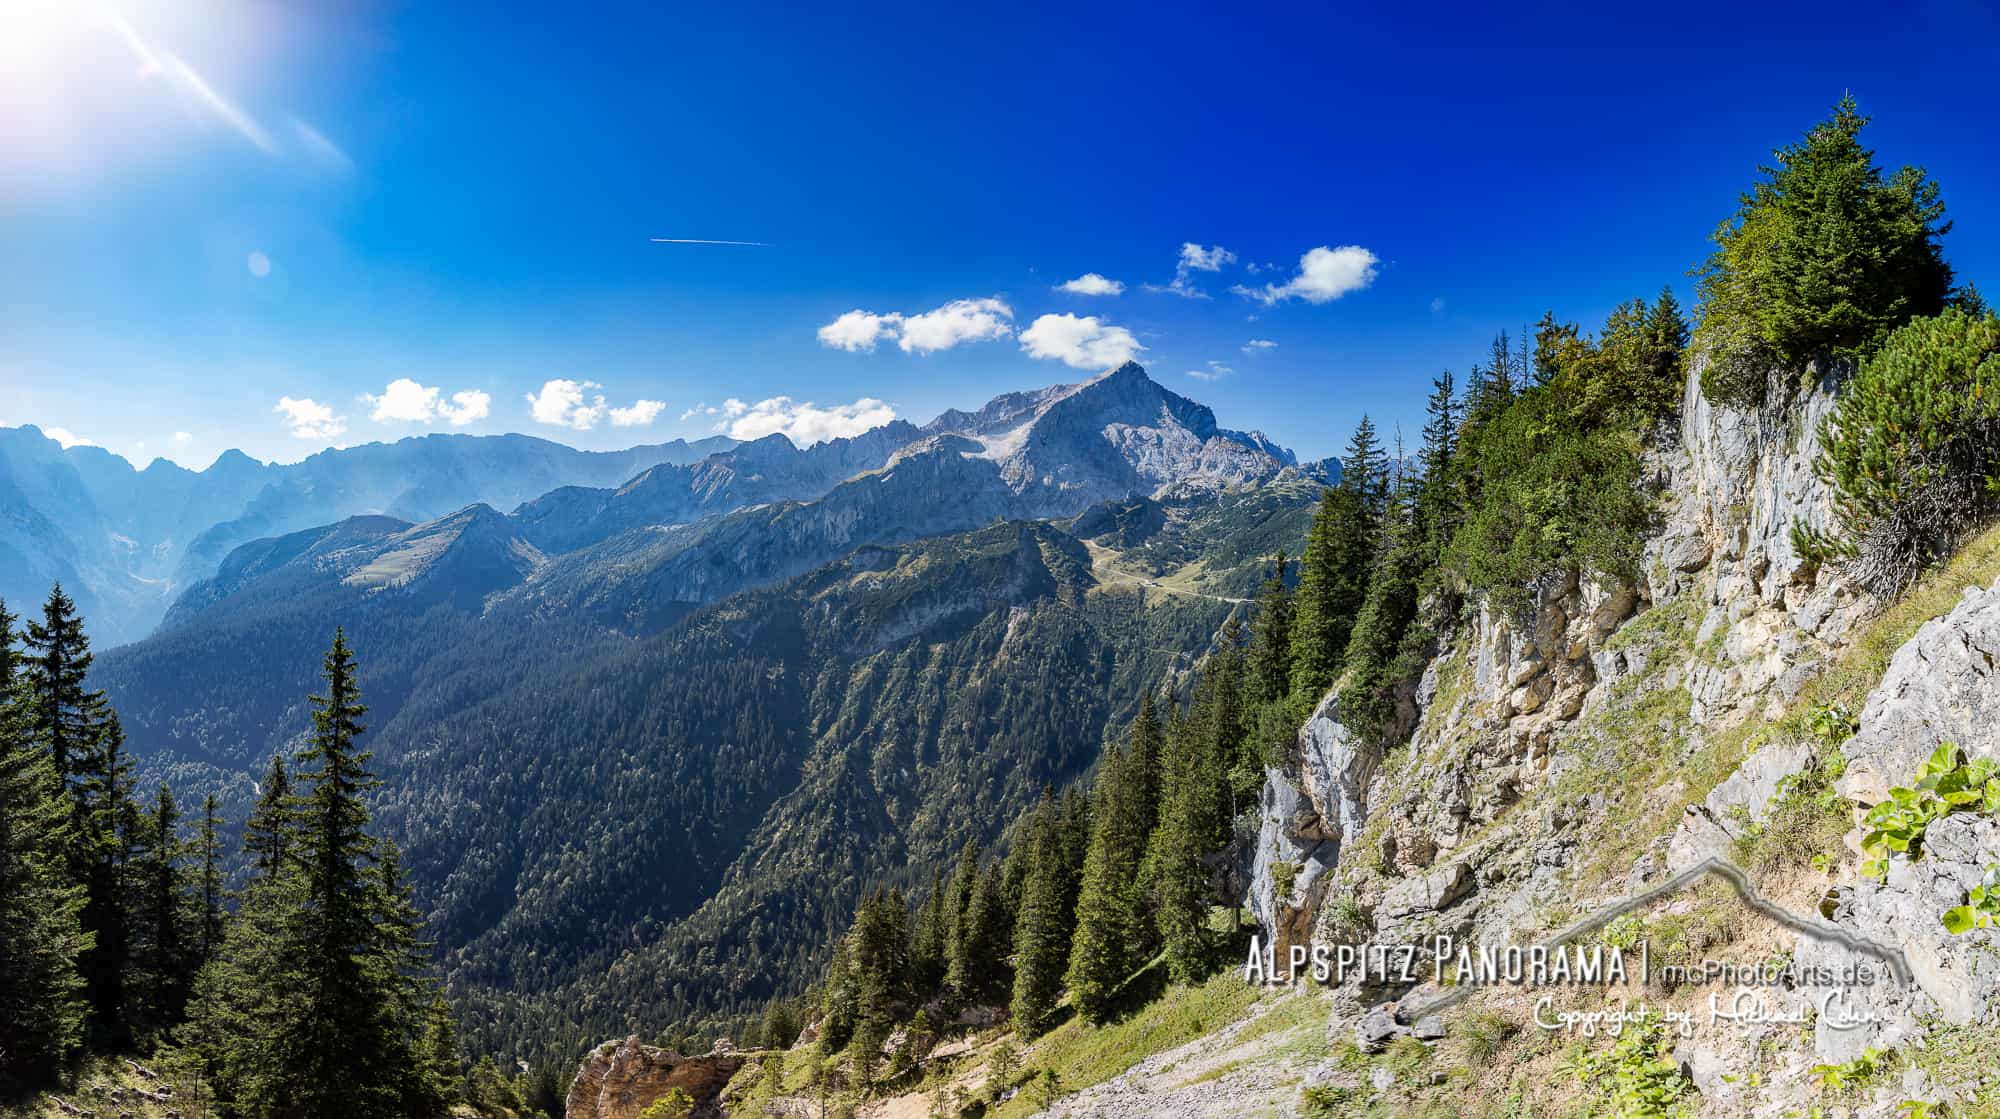 Alpspitz Panorama
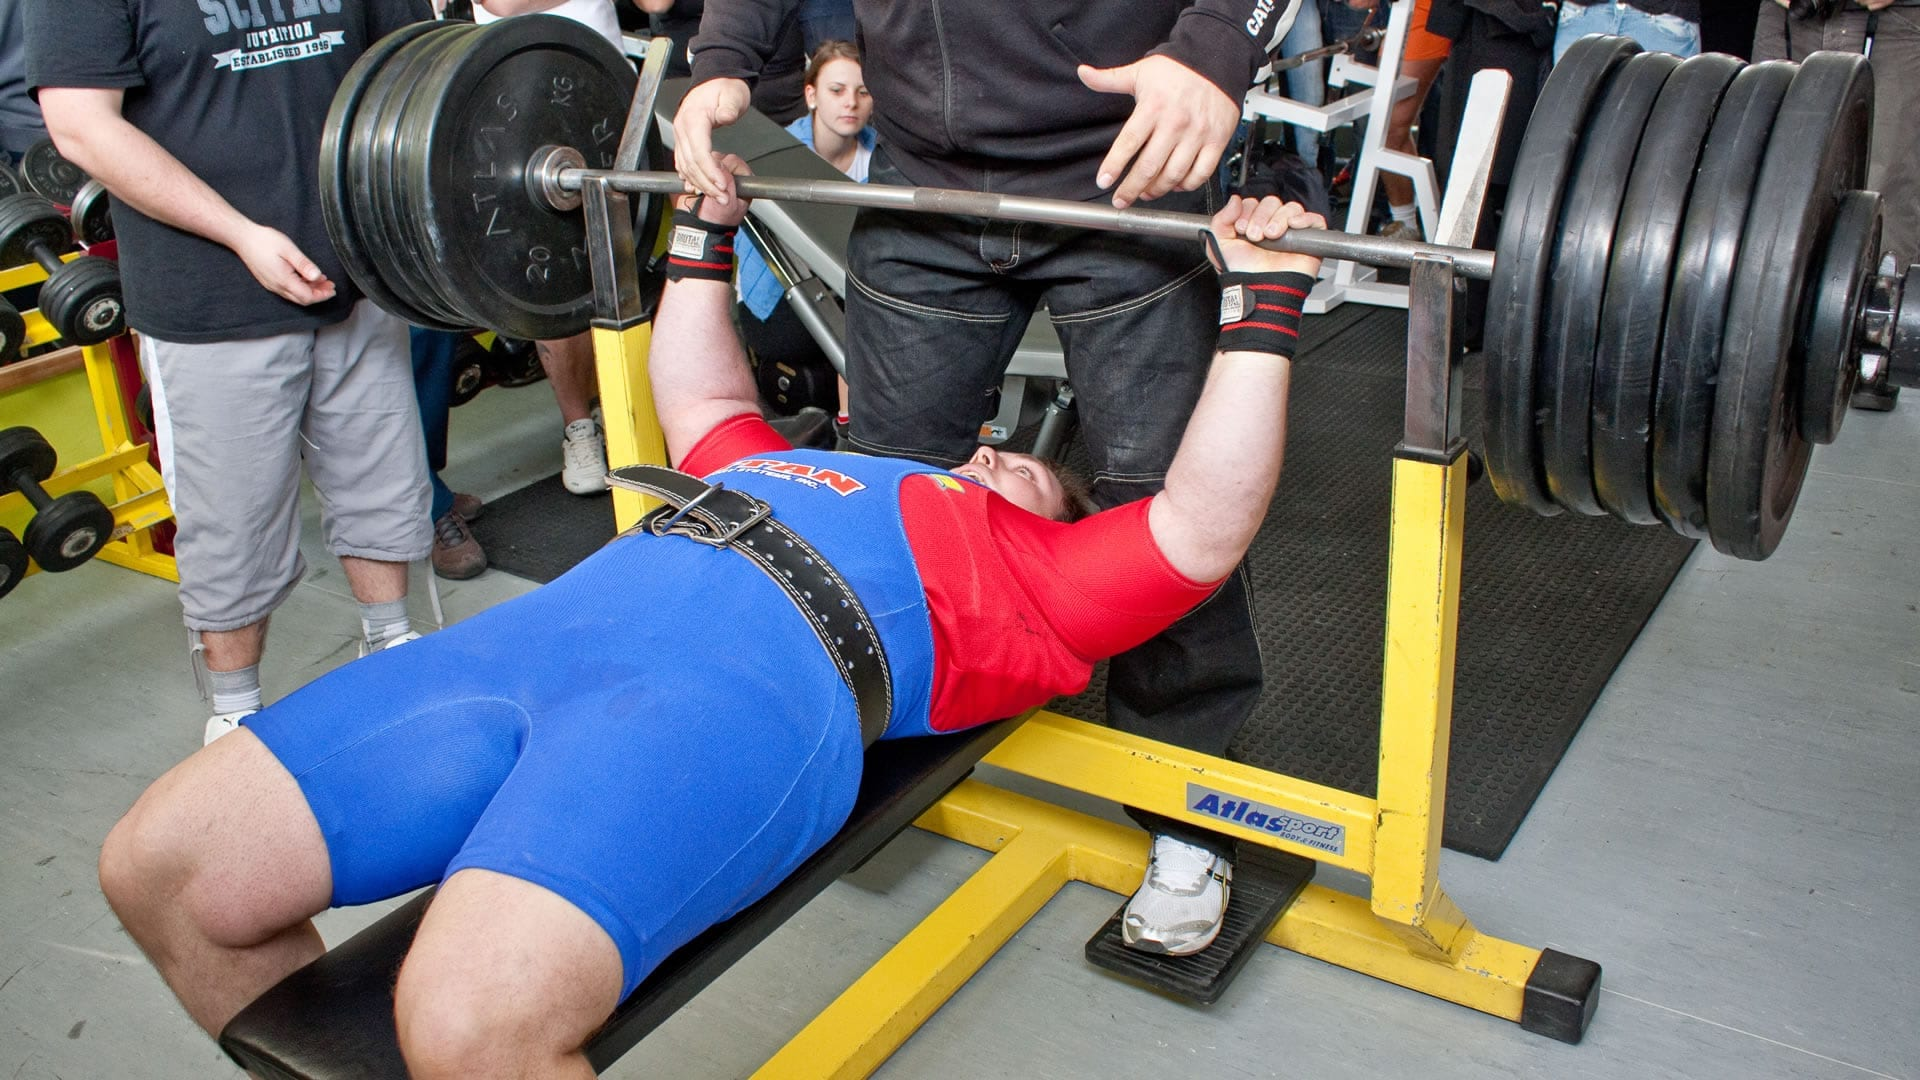 El sistema nervioso, fuerza e hipertrofia | Cambiatufisico
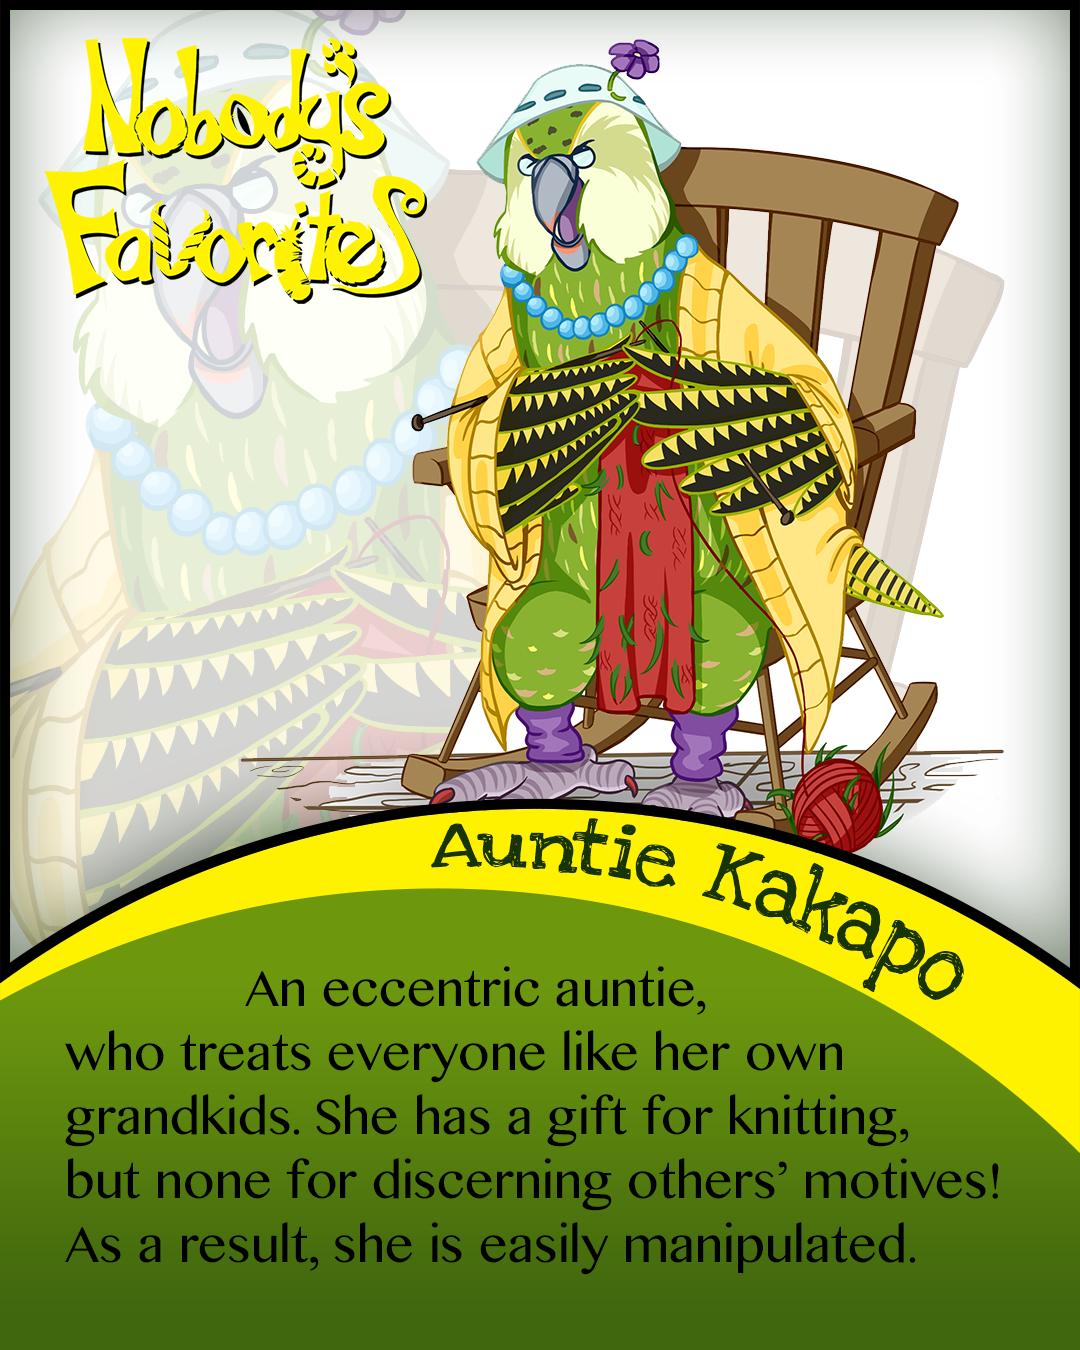 Auntie kakapo's Bio

++++++++++++++++++++

WORK ITEM – All of the preceding material should be output verbatim, with the pictures excluded.

ANSWER TO THIS EXERCISE –
 Alpspitz Panorama
 El sistema nervioso, fuerza e hipertrofia | Cambiatufisico
 Auntie kakapo's Bio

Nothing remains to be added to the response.